Some of the squirrely bits of getting this up and running include:

  • Actually Getting MonoGame Working
  • Dealing with things you need to talk to the Platform for

The first is pretty simple. As of March 1 2017, MonoGame has a PCL-compatible NuGet package. You simply add this package to your PCL, and bam. You should be up and running. If your platform-specific projects complain that MonoGame is missing, make sure you've either added it to your references manually, or you've added the appropriate NuGet package to that particular platform project.

Note that apparently the PCL library is not without issues, and it apparently has issues supporting NuGet 3.5+ (and thus UWP) at the moment, but it looks like the MonoGame guys are working on it.

The second is a little more complicated, and also going to be something of an exercise left to the reader (sorry!).

Part of the issue is that PCLs don't have access to certain APIs because there's no good cross-platform way to abstract them away. One example of those is file IO APIs--a PCL has no way to talk to the filesystem out of the box. In this particular case, there's an excellent library called PCLStorage that presents a cross-platform file API that PCLs can consume. But what if you need access to something that no kind soul has written a library for?
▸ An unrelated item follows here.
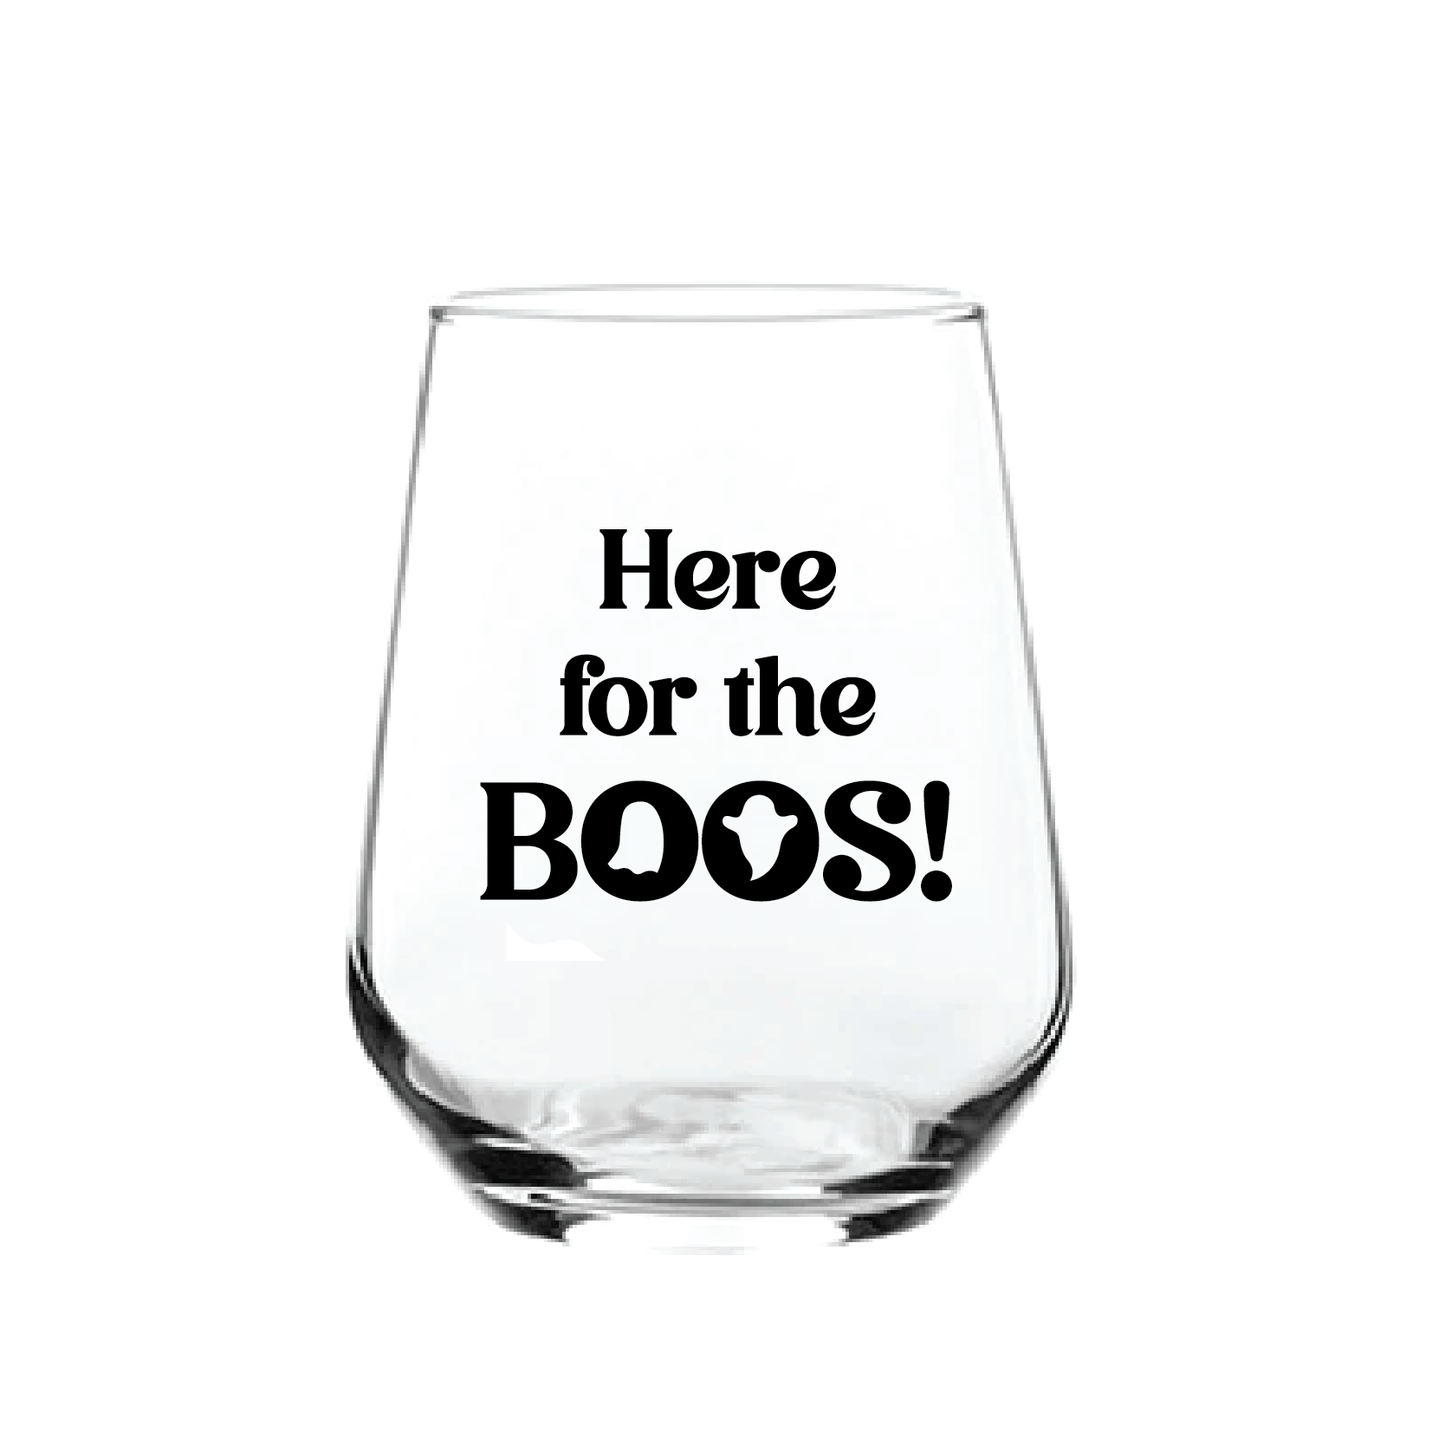 Halloween 14.25oz Allegra Stemless Wine Glass - Here for the Boos

One possible solution is to mimic Xamarin's Dependency Service. That is, you define an interface for the thing you'd like to be able to do in your PCL, and then each of your platform-specific projects will implement that interface. How you actually go about retriving the appropiate concrete implementation of that interface at runtime is an open question.

One of the simplest, dumbest solutions would be to just have a class in the PCL that looks something like this:

public static class ServiceLocator
{
    private static Dictionary<Type, IService> _serviceRegistry = new Dictionary<Type, IService>();

    public static void Register<TService>(IService implementation)
    {
        _serviceRegistry.Add(typeof(TService), implementation);
    }

    public static IService Get<TService>()
    {
        return _serviceRegistry[typeof(TService)];
    }
}

...and then your platform-specific projects register all their implementations before calling Game.Run(). Then, when your PCL needs a service, it can just do ServiceLocator.Get<YourService>().ServiceThings(). Of course, even with that solution, you'd want to do things like null-checking, existence-checking, etc.